Often described (as many other cameras are) as the “poor man’s Leica”, the Canon Canonet QL17 is a brilliant rangefinder at a fraction of the cost of most other rangefinders. It sports a crystal clear, tack sharp, f1.7 45mm lens that accurately captures colors as well as all the gradients between black and white. Produced in the mid-1960s and sturdily built, many excellent examples of this camera and later versions can be found on ebay for a steal. Due to age, the light seals need to replaced but this can be done by most camera enthusiasts with a sheet of black foamy, x-acto knife, and some adhesive. There are several website that offer instructions on how to replace the seals simply by plugging Canonet QL17 into a search engine.

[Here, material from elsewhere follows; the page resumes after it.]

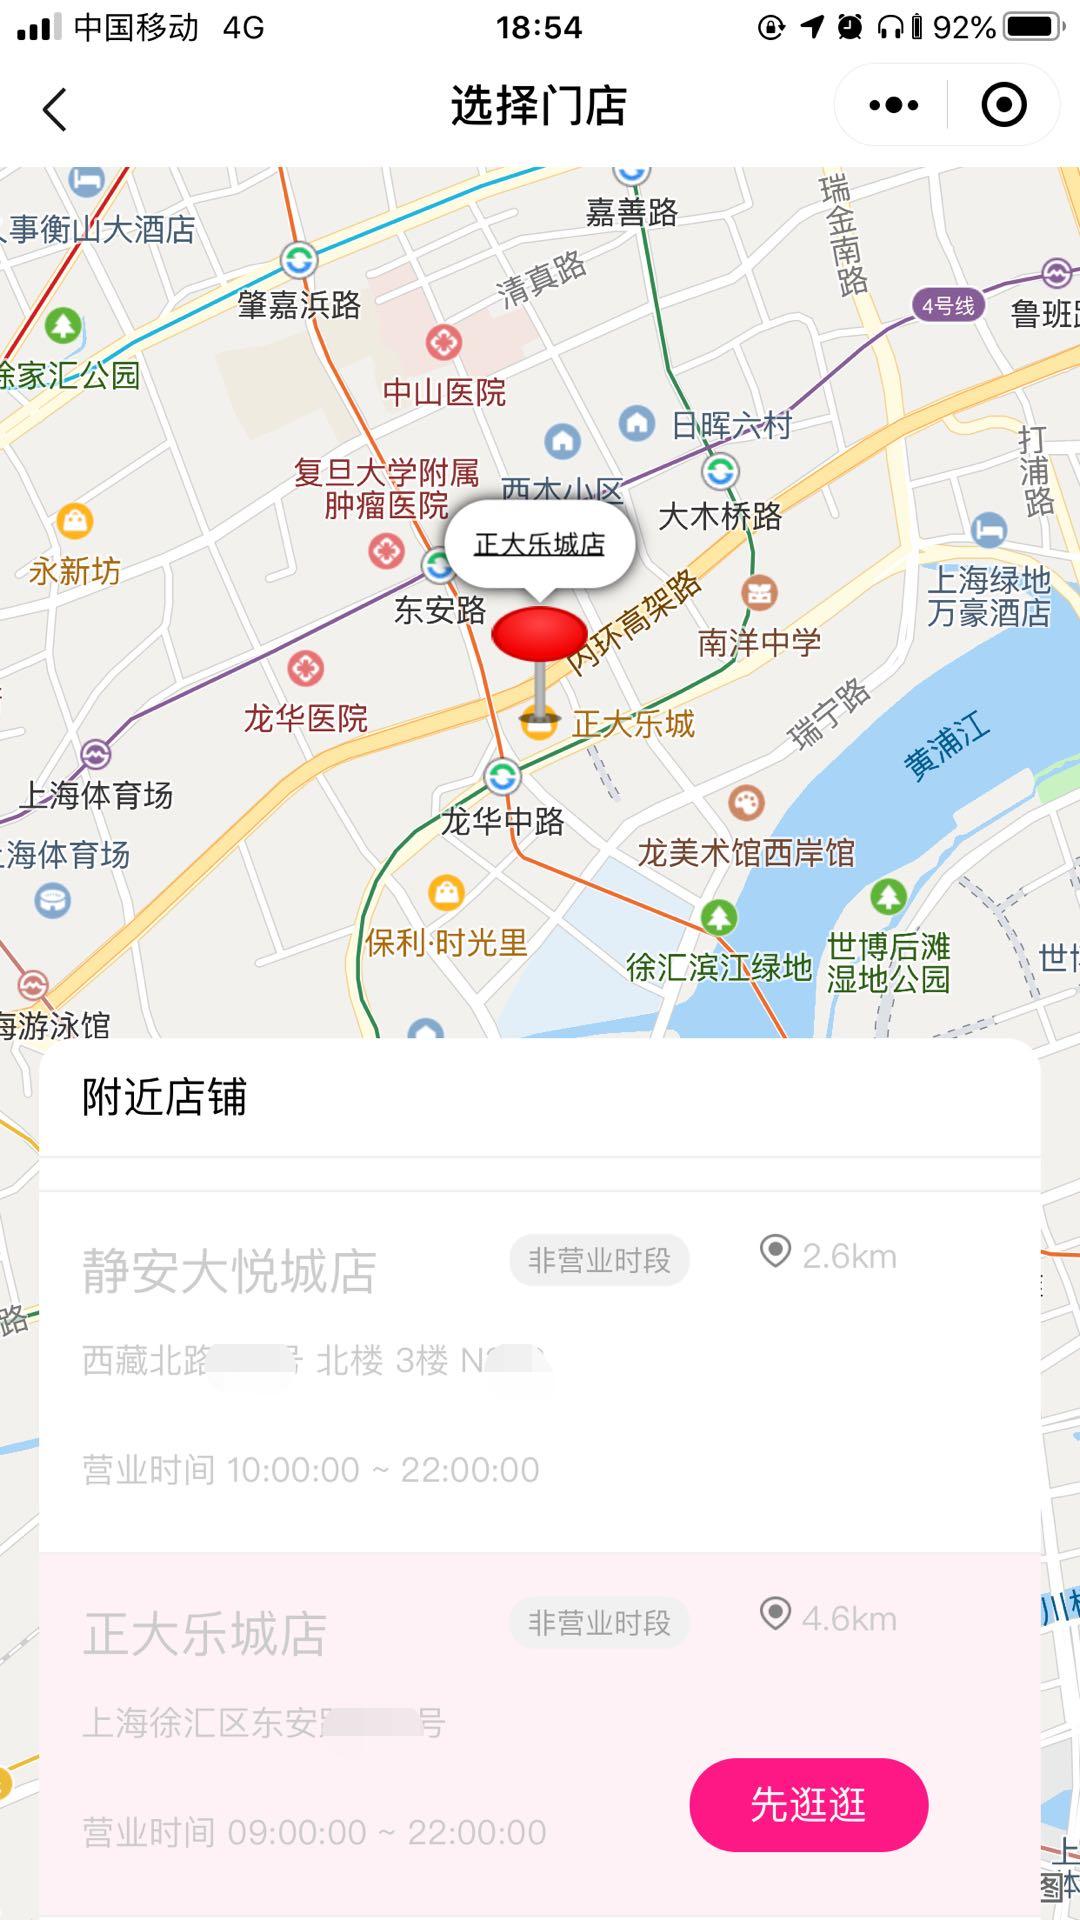 利用Redis的Geo功能实现附近门店推荐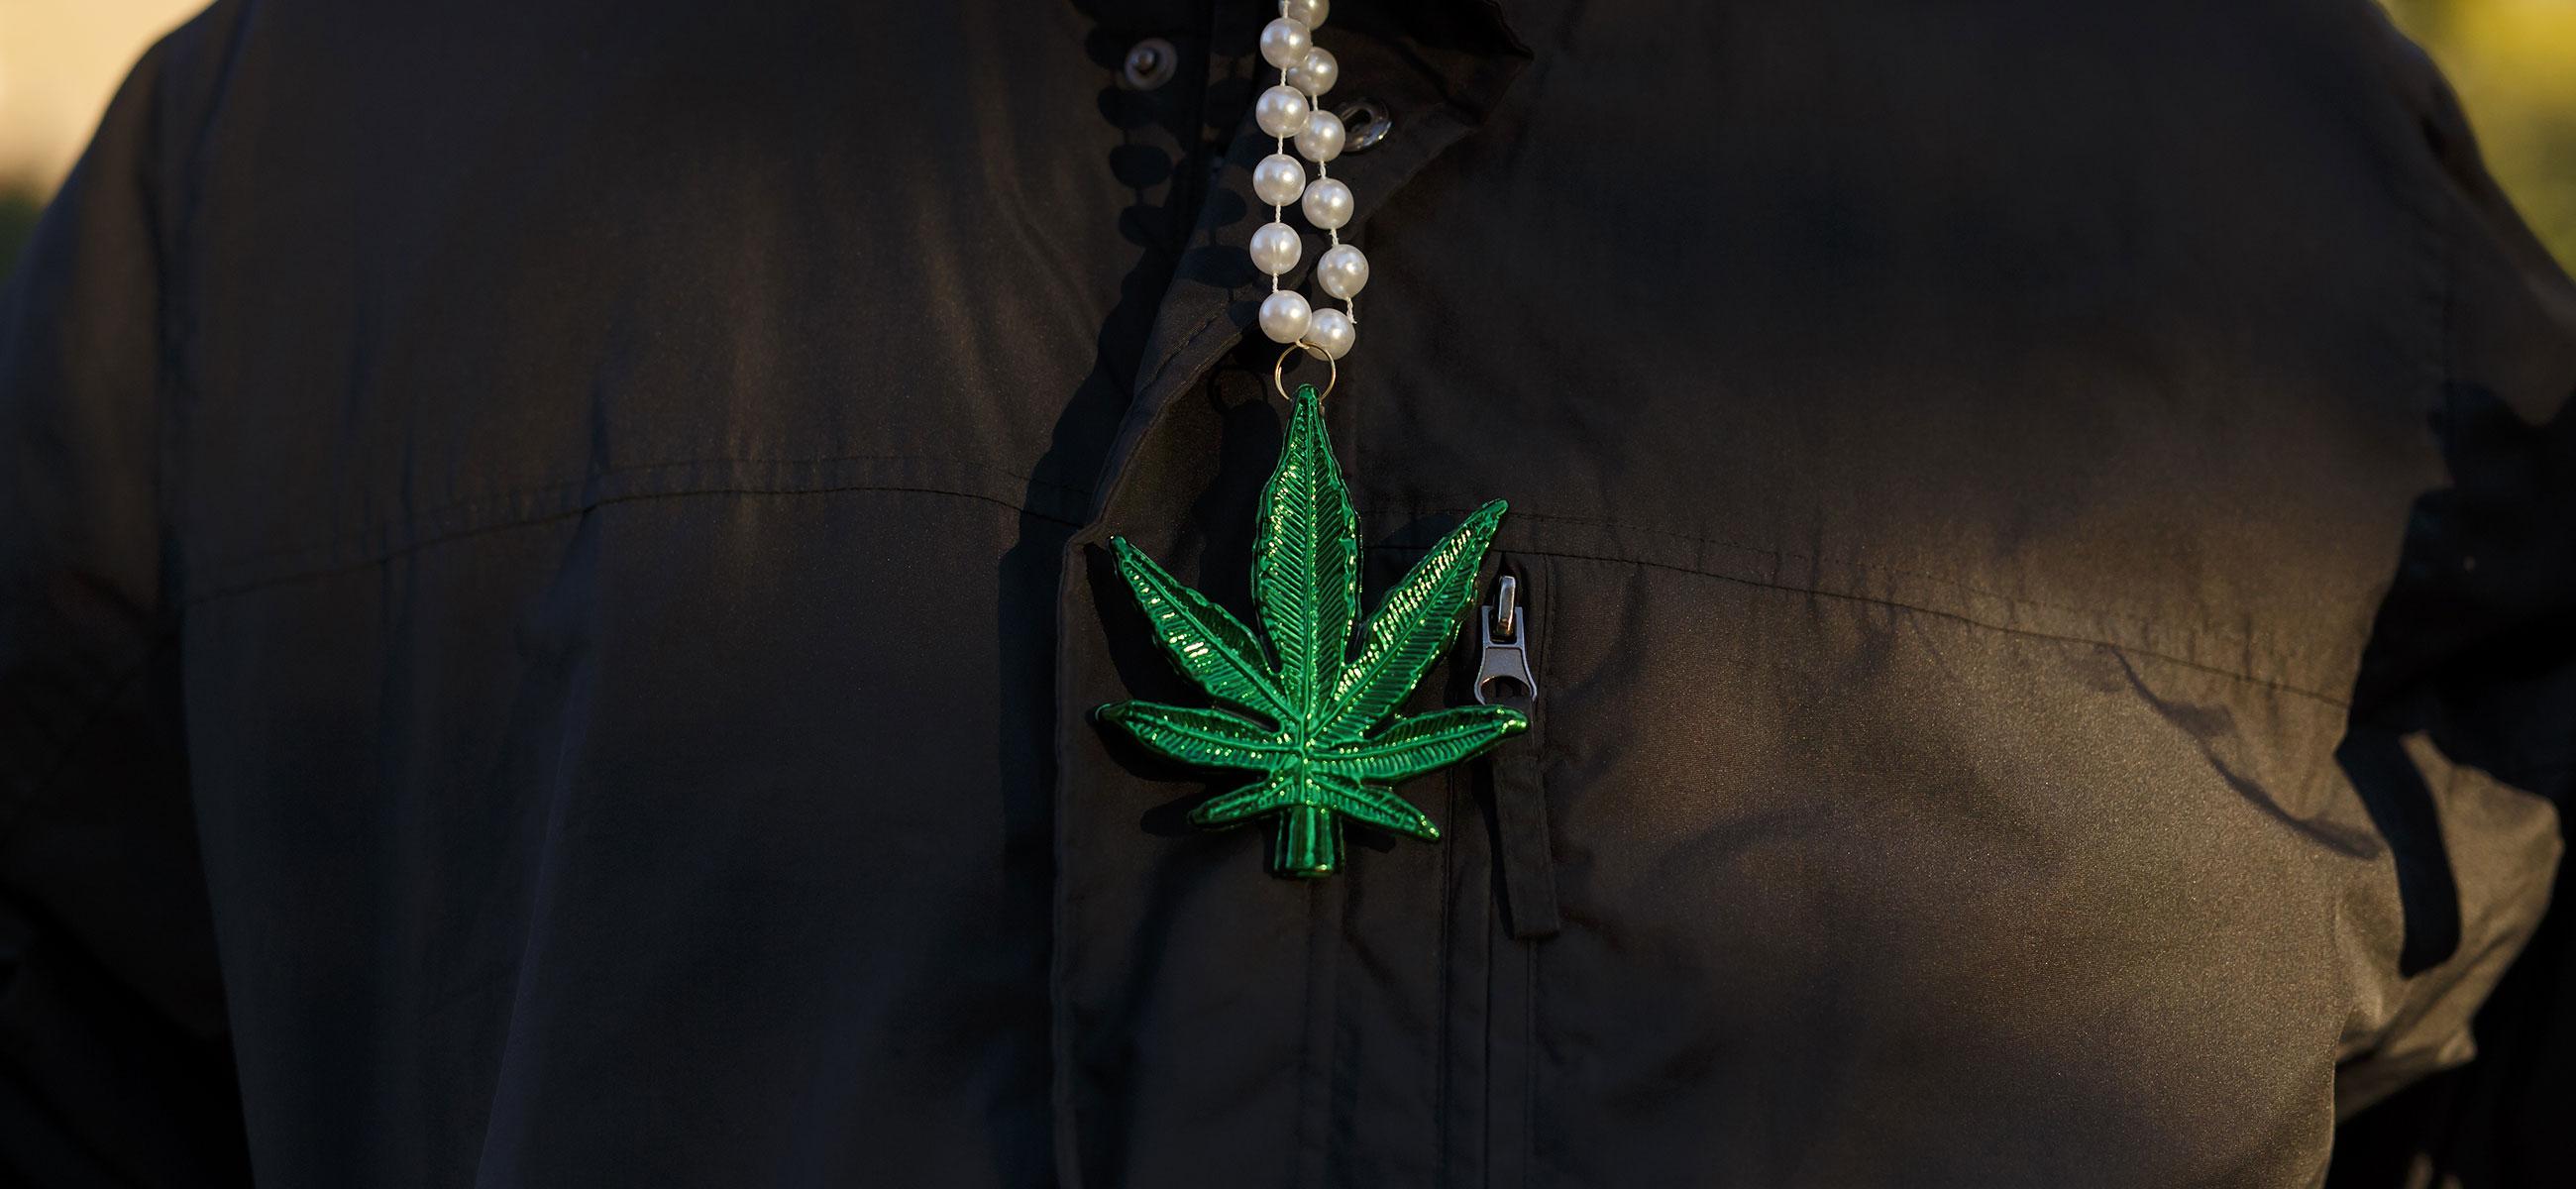 Заказа марихуаны семя конопли купить в перми

The Canonet QL17 features a beautiful 45mm f1.7 lens constructed of 6 elements in 5 groups. According to the Canon Museum website the camera has a “coincidence rangefinder integrated with reversed Galilean viewfinder…” offering “Automatic parallax correction with projected frames and marked finder” at 0.7x magnification. What this means is that it is easy to get a precise focus on your subject and see precisely what will come out on your film. It is important to make your first attempts to focus this lens outside in bright sunlight to get the hang of the focusing lever. Sunlight shows the greatest distinction between what is in focus and out of focus. Once you get the hang of it, it is easy to focus anywhere.
The QL in its name refers to Canon’s quick loading system. You do not have to the thread the film’s leader into a spool. You simply pull it out and place it on the take-up spool and close the back. The film catches on its own every time. The camera has match needle metering system which easily shows whether the exposure is correct. There is a lot of latitude with a metering range of EV 2.5-19. The lens is very fast at f1.7 to f16, while the shutter speeds range from 4 seconds to 1/500th, and a bulb setting. The automatic metering with its Electronic Eye (EE) can be shut off to allow manual exposure. It also has a 10 second timer and a remote line can be screwed into the firing button to reduce the possibility of camera shake when using a tripod. Films ranging from ISO 25 to 400 can be used. From my experience 50 to 100 ISO is best. ISO 400 is impossible to use in bright sunlight even at f16 at 1/500th shutter speed! Canon made a Canolite D flash for its rangefinders in the Canonet series. Other flashes that can be manually set are usable with the camera too. The one potential downside is that the meter required a 1.3 volt MP Mercury cell which is no longer available in the US. My guess is that since Europe and other parts of the world are “greener” than us, the batteries are impossible to find. There are two options: 1) use a 1.3 v Wein zinc air cell which mimics the mercury cell, or 2) use a 1.5 v alkaline cell and and know that the metering will be off a bit. The zinc air cells can be bought at some camera stores or ordered online. They are used primarily in hearing aids. Actually there is a third possibility which is to spend a lot of money to have a camera repair shop adjust the meter to use 1.5 volt batteries. The zinc air cells are about $8US.
I should add that this rangefinder is, of course, a 35mm camera. It shoots color and black and white film, positve and negative, with equal proficiency. I will often use slide film because the meter is dead on and the focusing so easy that perfect shots are a near certainty. While I have never owned a Leica I have used other rangefinders and for the money the Canon Canonet QL17 cannot be beat. Some like the GIII version of this camera which was made later. I prefer the original. Also be careful: a lot Canonet 1.9s are out there for purchase, they are cheaper, but the lens is not as good. If you decide to buy one you should be able to get a copy of the manual off the internet. I think the manual is necessary since the lens has a lot of numbers on it, on four different movable dials. it looks confusing at first but if you have the manual your wind up saying “oh that makes sense” to yourself a lot. A truly magnificent rangefinder!